The Baltimore Sun published a well-written rant about the deterioration of the doctor-patient relationship. The editorial stems from the well-publicized shooting at Johns Hopkins by a man distraught about his mother’s medical treatment. The writer paints an awful picture of a war between doctors and patients that is beginning to boil over.

I can tell you that none of this is going on in my doctor’s office. But I don’t know what is going on elsewhere. The author appears to be someone in the “know” but there is no explanation of the author’s frame of reference. I would have expected the author to be identified as a doctor or other health care provider. (A quick Google search indicated the author was a writer which would make sense.
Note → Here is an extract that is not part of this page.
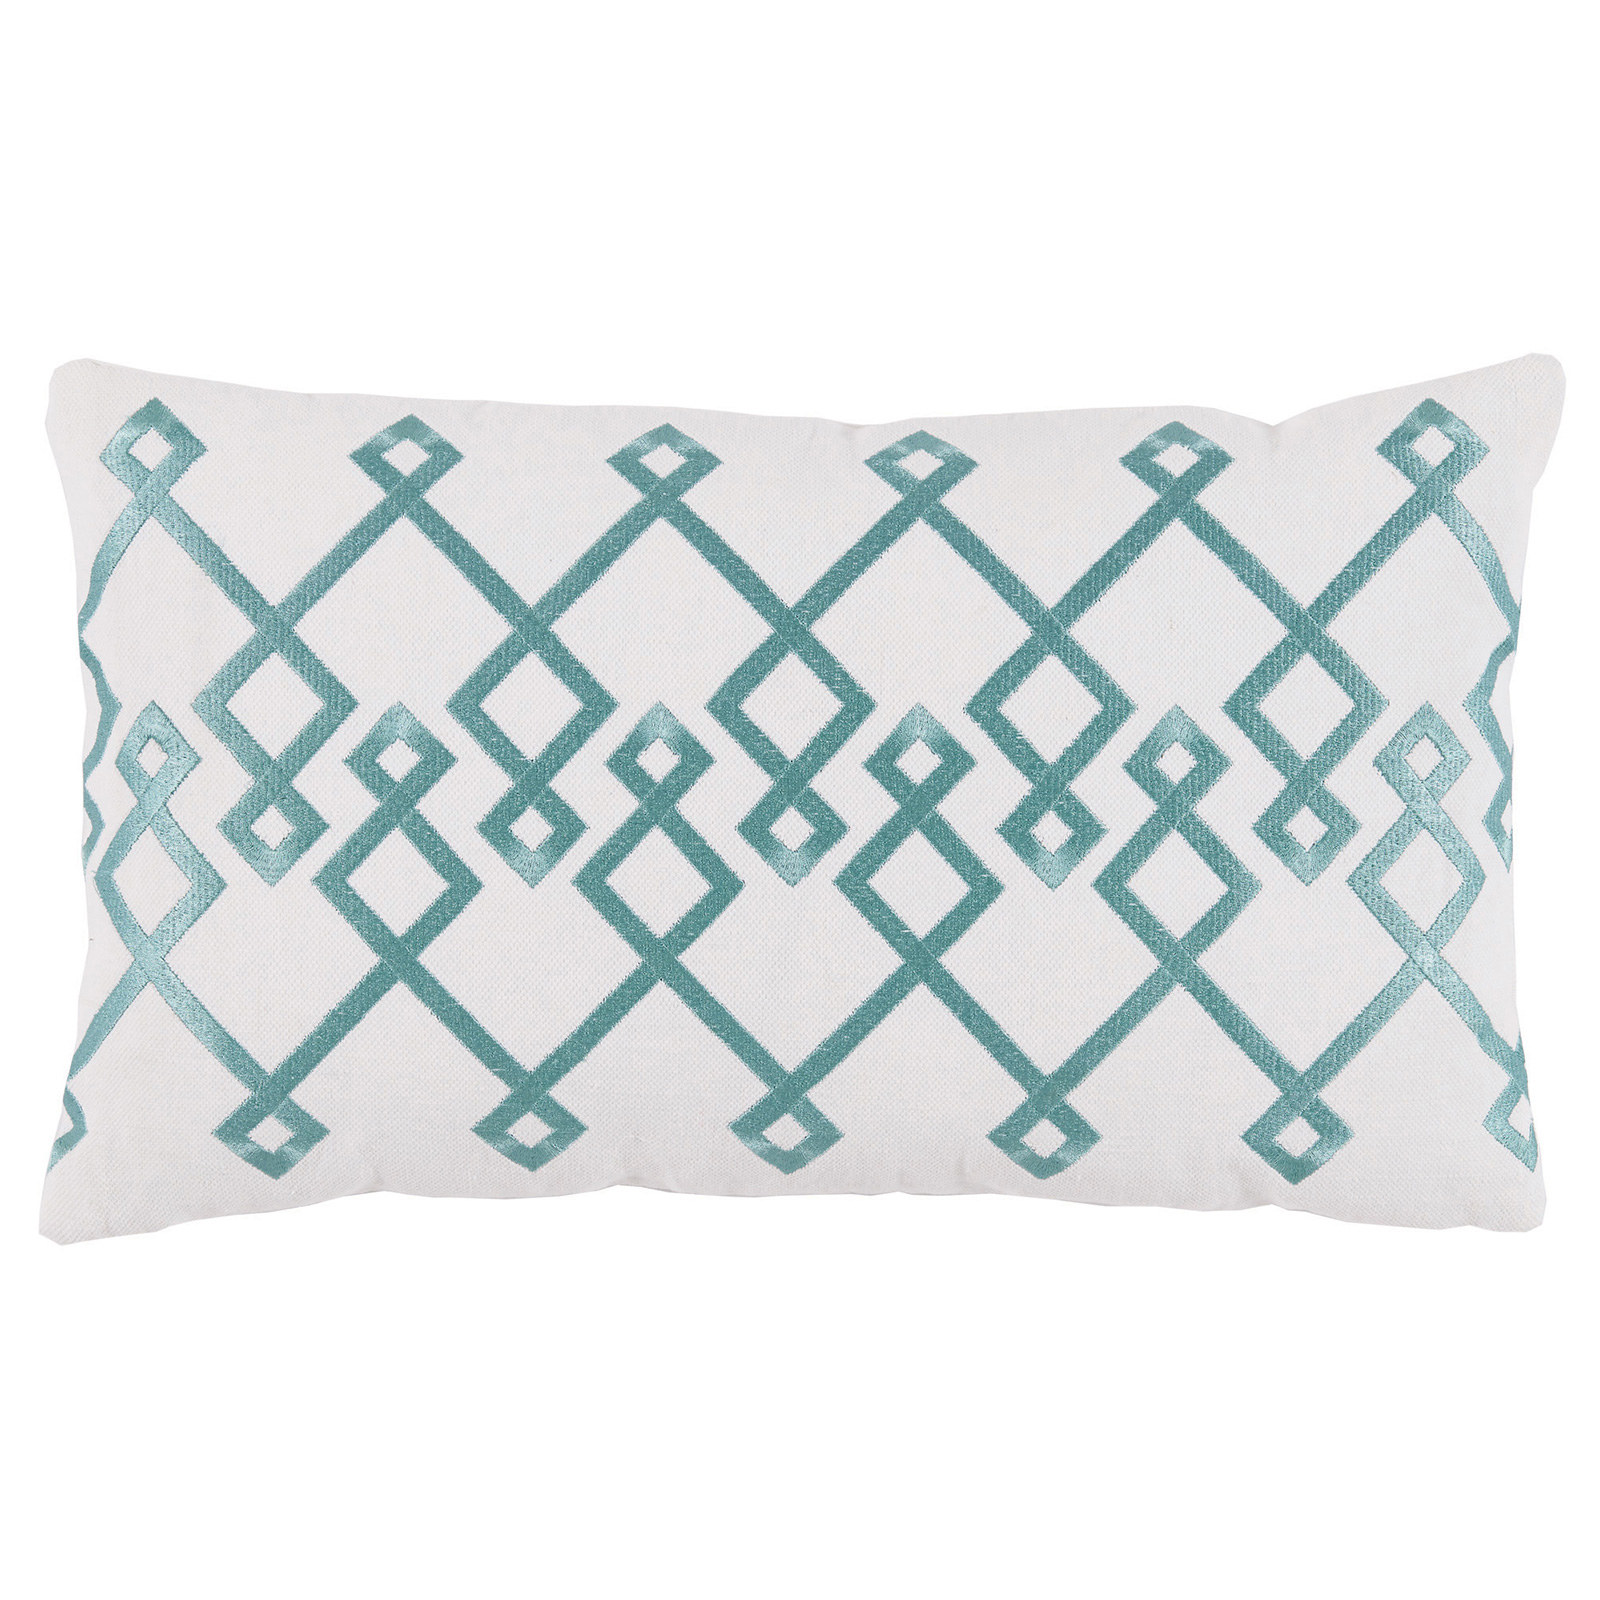 Steph Modern Mineral Chevron Embroidery White Pillow - 13x22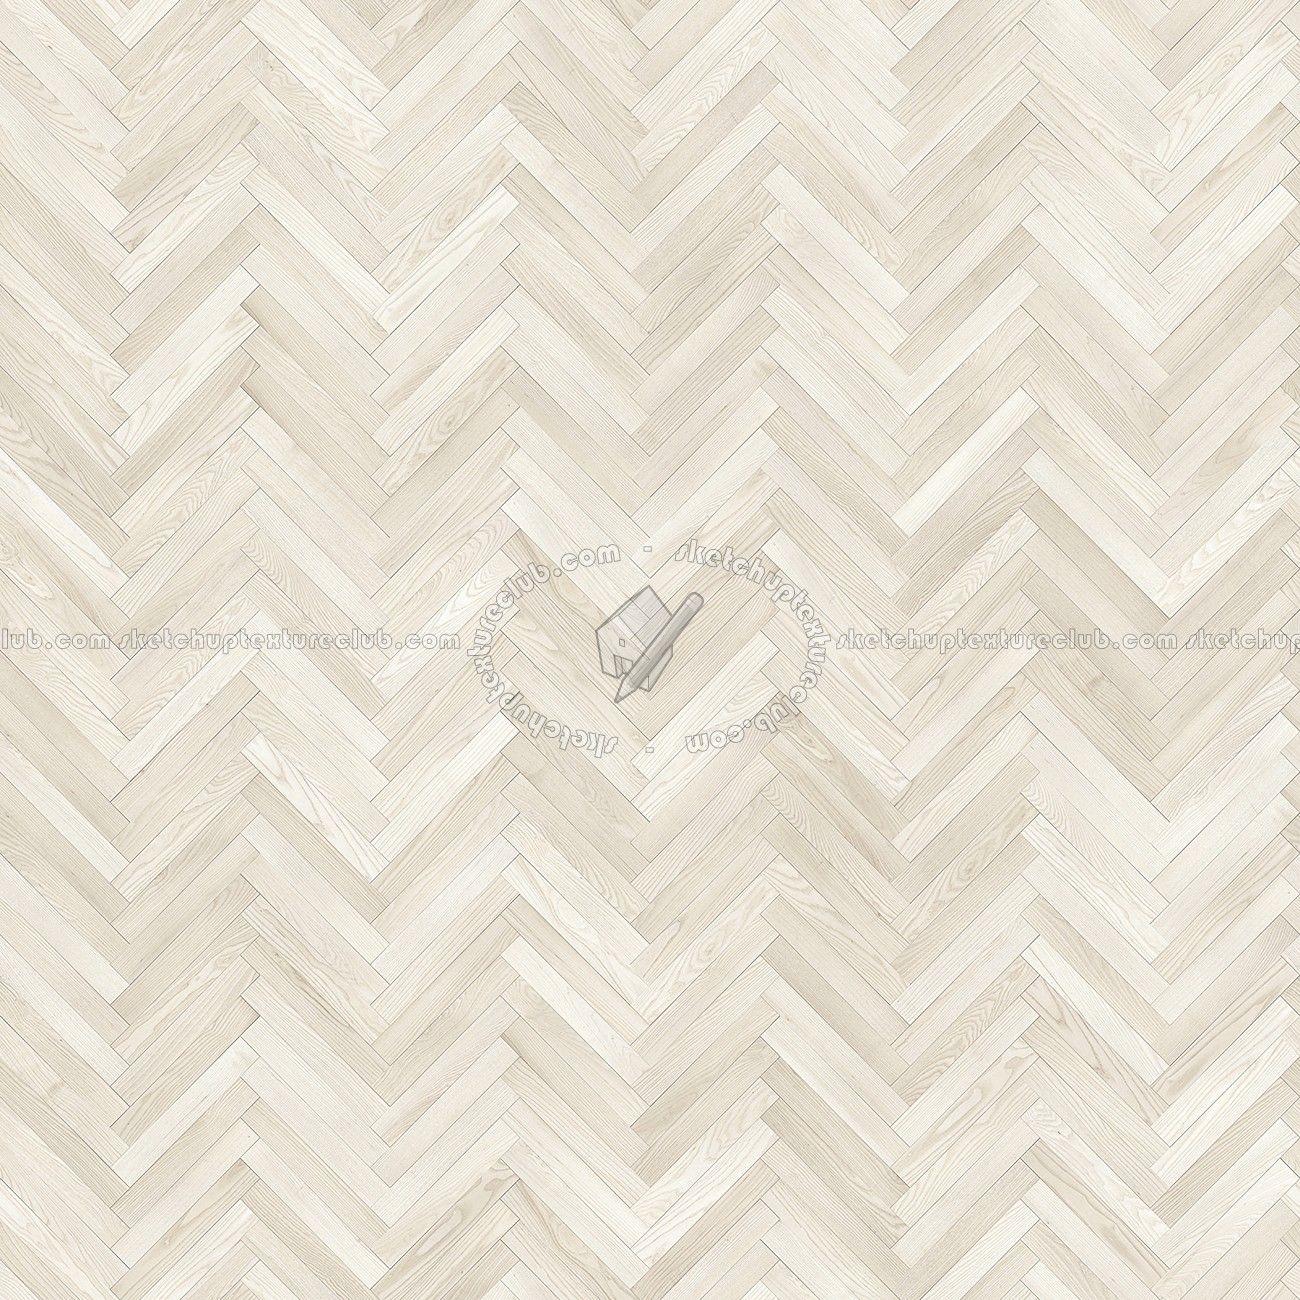 Texture Seamless Herringbone White Wood Flooring Texture

The piece is well-written, florid, and dramatic.)

The author sees the problems as a symptom of the “erosion of civility, humility and reason across America.” I could not disagree more. Certainly, minorities, women, gays, and lesbians, and many others have experienced an increase in civility and reason. The good ole days never really were. I’ll take 2010 over any other year in human history.

The widely read blog KevinMD, written by Dr. Kevin Pho who is an opinion leader on issues related to the medical point-of-view on medical malpractice issues, makes what I think is a startling admission:

Politically, malpractice caps are dead — tort reformers should abandon that option. Furthermore, arguing that tort reform will save significant sums of money is growing less viable.

It’s more important to re-frame the malpractice debate to focus on patients. That’s where the malpractice reform crowd will have more solid evidence to stand on.